This was just the beginning. In 1932, the Army Corps of Engineers completed a massive study proposing a network of ten dams between Bonneville and the Canadian border, a blueprint later expanded into Canada. In the next forty years, engineers would construct fourteen huge dams on the Columbia River itself, twenty on its major tributary the Snake, and bring the number of significant power and irrigation dams in the Columbia river basin as a whole to more than five hundred, some 211 of them classified as "major" by utility statisticians. The mighty Columbia was not just harnessed, it was utterly transformed from an unruly river into a series of placid pools: the most heavily dammed river system and the greatest producer of hydroelectricity in the world. As such, Grand Coulee and its cousins became a model of technological mastery. In Russia, India, China, Latin America and Africa, dams became synonymous with progress. Delegations from these areas regularly make pilgrimages to Grand Coulee today, less to learn from the half-century-old wonder than to pay homage.

The Columbia River in its natural state was a miserable waterway for navigation but a potentially superb resource for hydroelectricity. Its fall of half a mile in elevation from its source -- four times that of the Mississippi, in half the distance -- meant it and its tributaries represented more than forty percent of the hydroelectric potential in the nation.

The Depression-era promises made for the river initially seemed extravagant. It would power factories for more than 200,000 new industrial workers. It would water enough land for 100,000 farms. It would increase the region's overall population by 2.5 million and create a water highway for commercial river traffic from the Pacific Ocean to Idaho. It would tap hydroelectricity, which electric visionary J.D. Ross of Seattle called "a coal mine that never gives out, an oil well that never runs dry." It would remake the Pacific Northwest, the final frontier in the Lower 48 states, to conform to the most idealistic visions of the mid-20th Century. The Columbia would demonstrate what science, engineering and political reform could accomplish. "Thomas Jefferson's dream of a great, free and independent empire on the banks of the Columbia can come true!" Ross enthused.

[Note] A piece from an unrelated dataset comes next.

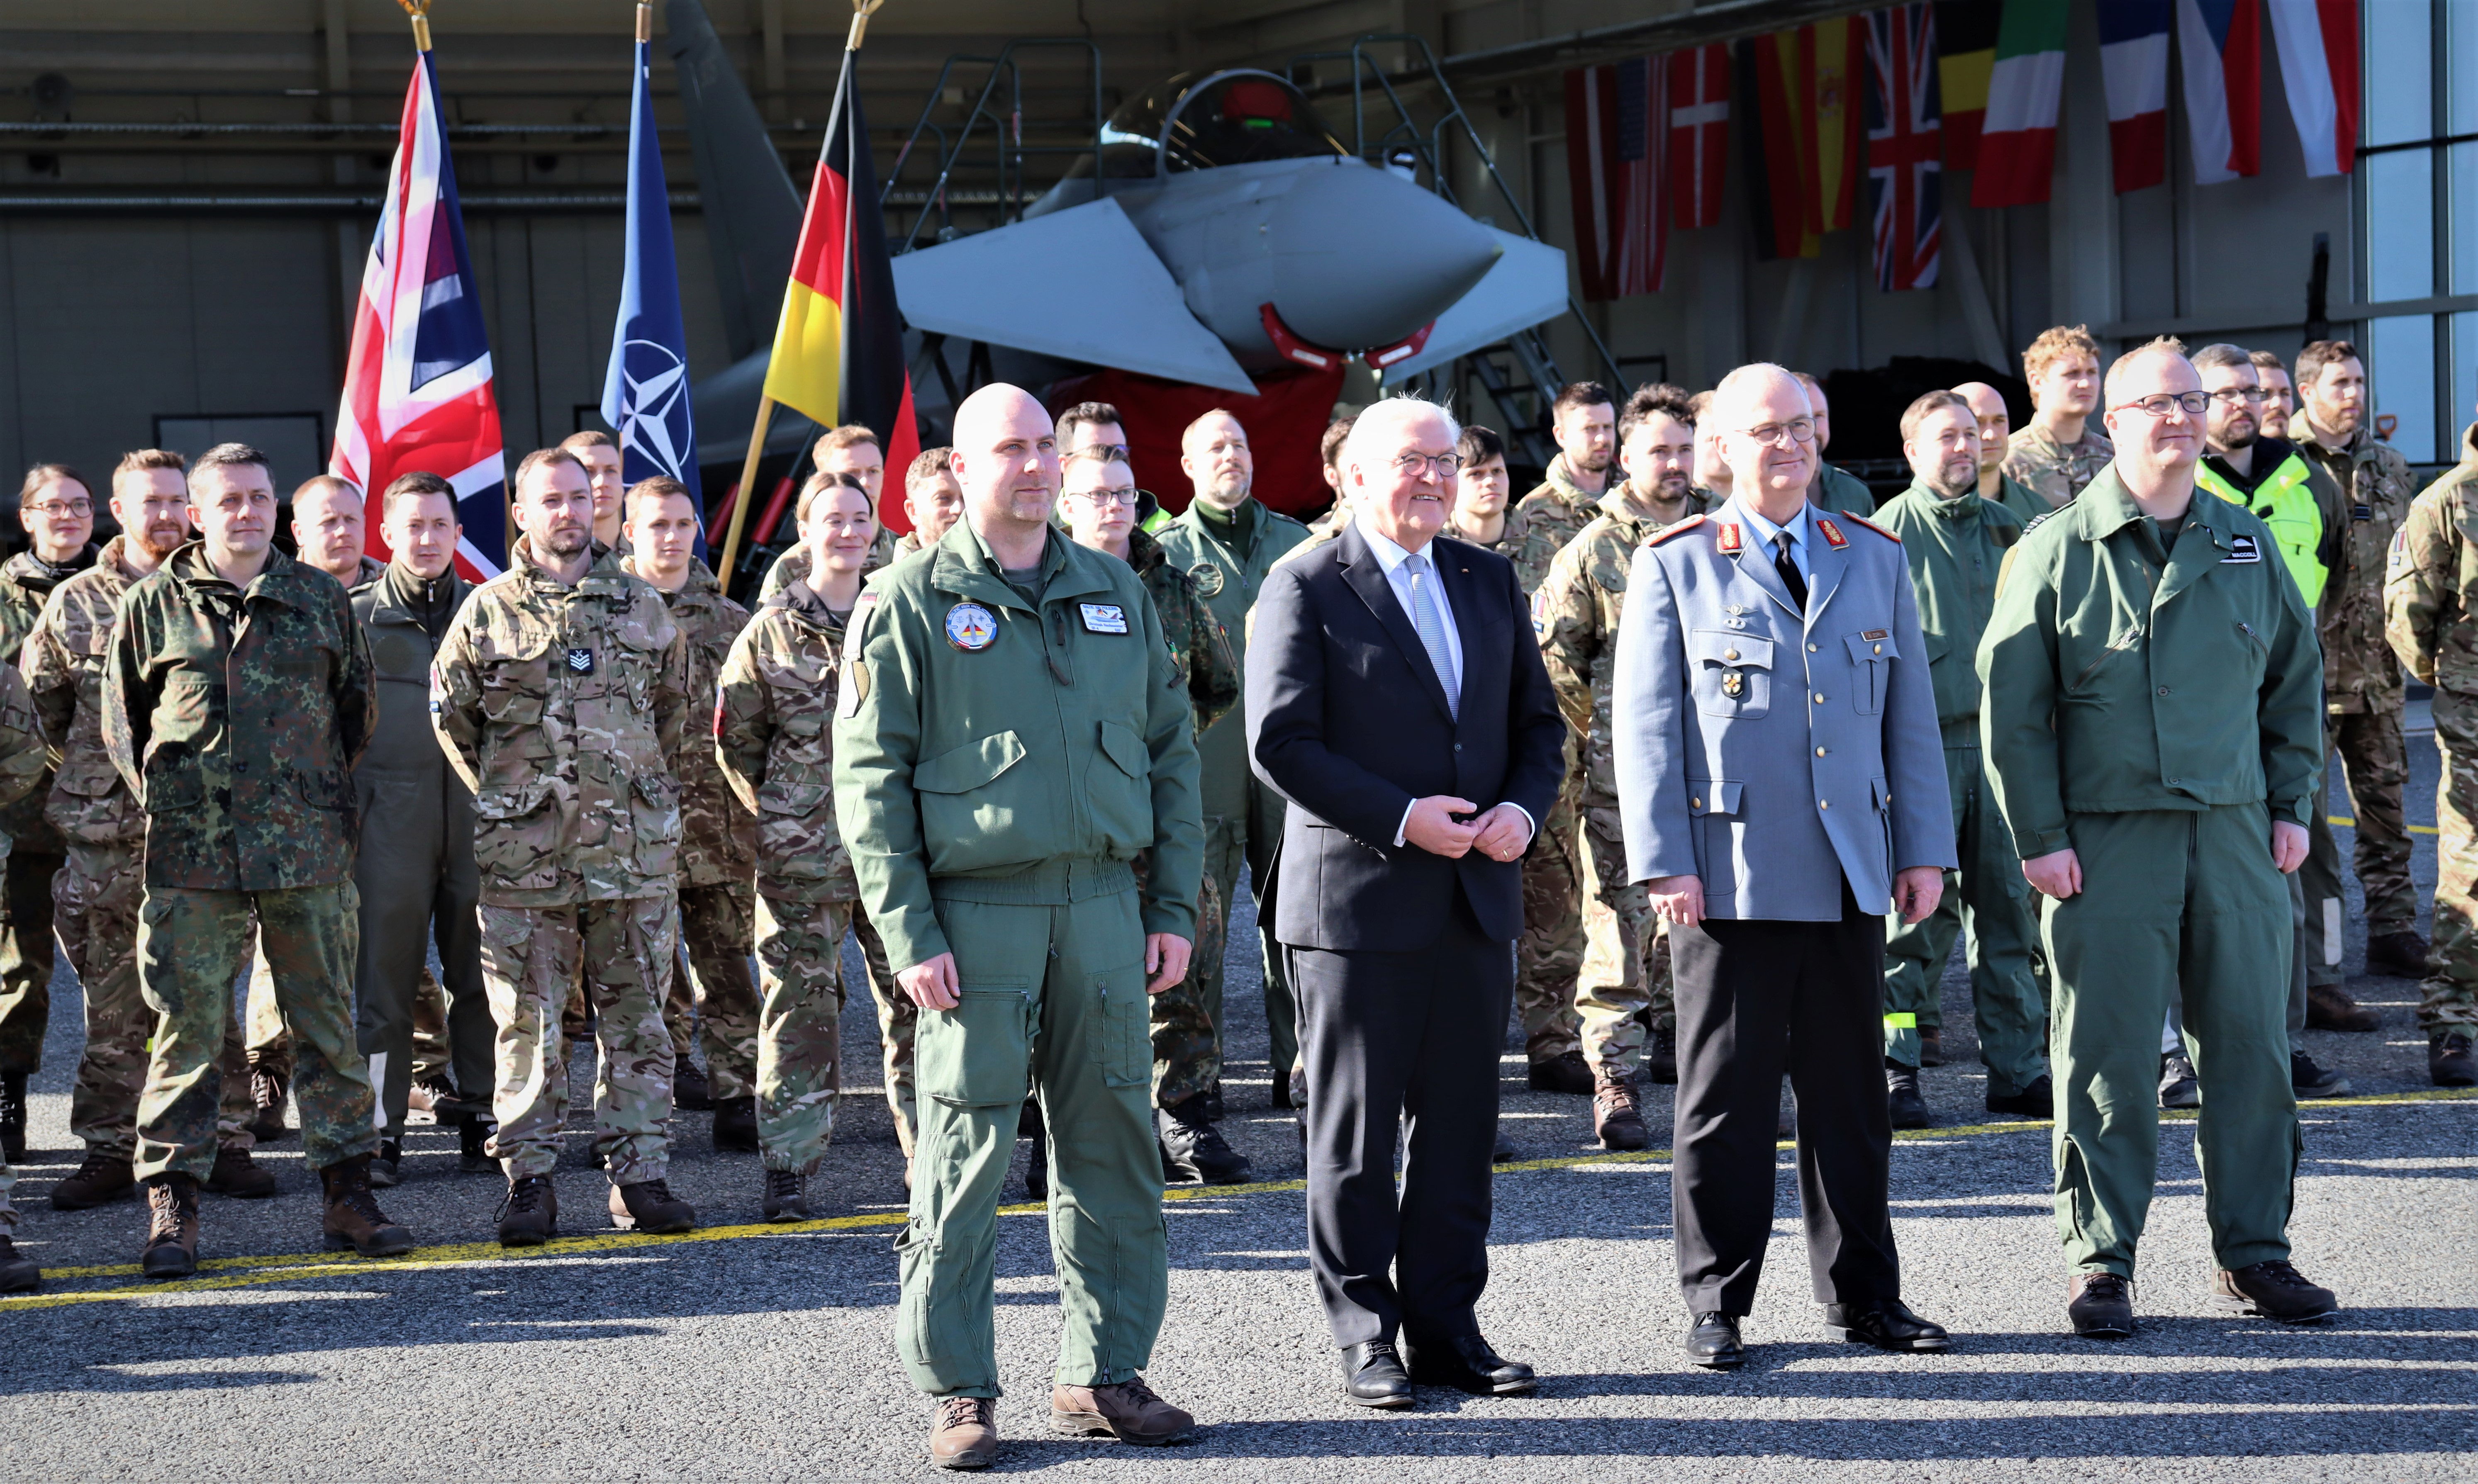 Image shows RAF and German personnel standing with the German President by a hangar.
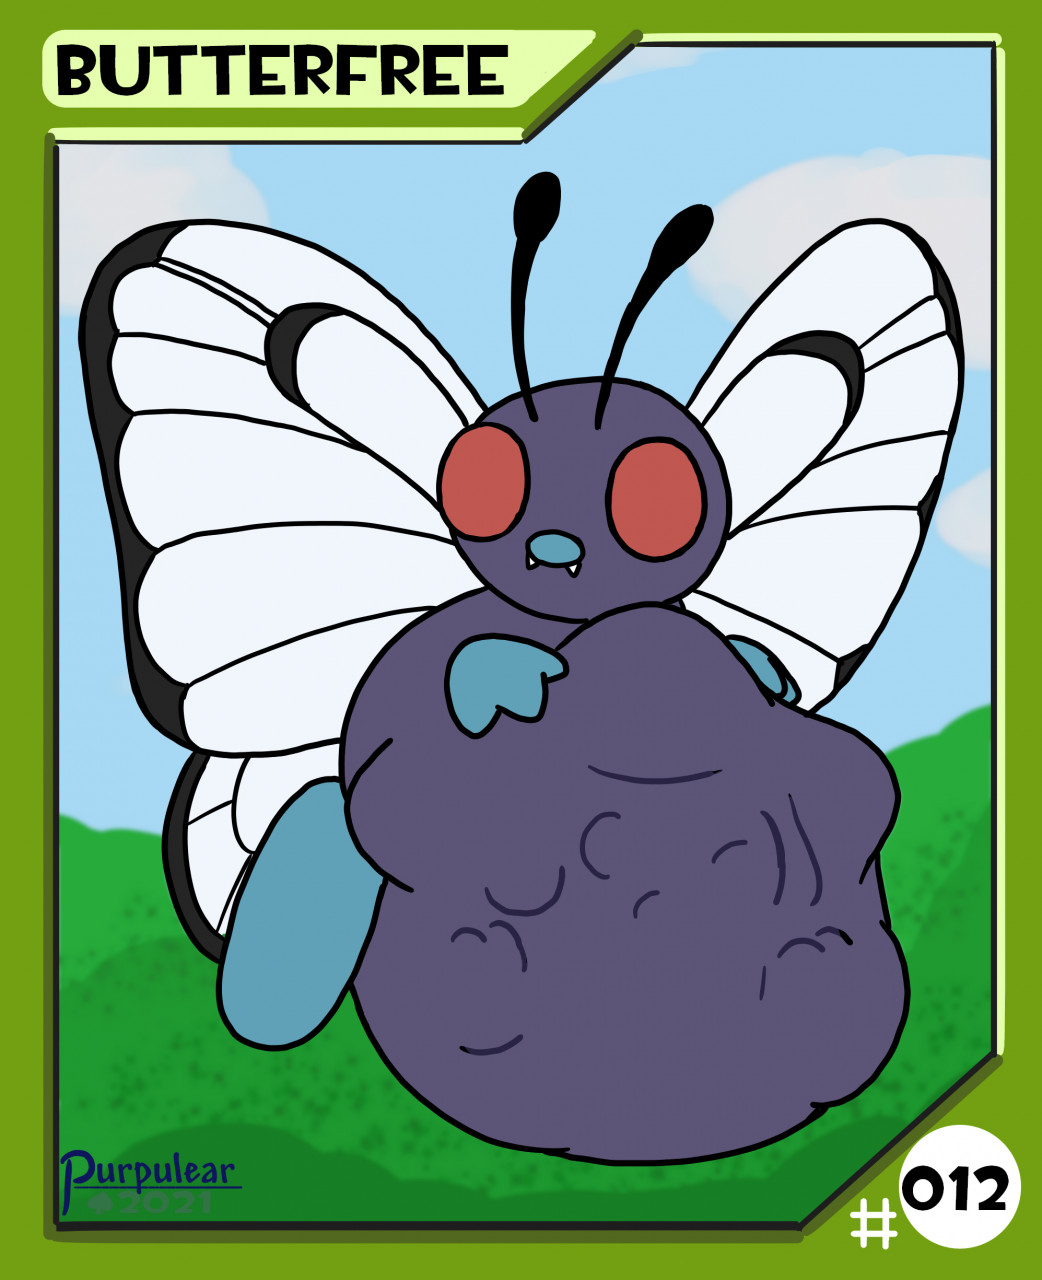 Bobby hill butterfree

In many ways those promises were fulfilled. Irrigation created entirely new towns in the Columbia Basin. Columbia River barges did reach Idaho and proved so cost-effective they now pick up wheat railroaded from the Dakotas. The river's electricity powered a dozen new aluminum plants and the Hanford atomic weapons complex. Basin population more than doubled, from 2.8 million in 1933 to more than 7 million today. Disastrous floods that wreaked havoc as late as 1948 were tamed. The rural poor not only got power with the new dams, but at rates half the national average. The electricity proved crucial to the development of World War II industries, providing the energy to make the aluminum for a third of America's warplanes. If the Columbia and tributary Snake River did not exist, neither to a large extent would Seattle and Portland and Spokane and Boise at their present scale.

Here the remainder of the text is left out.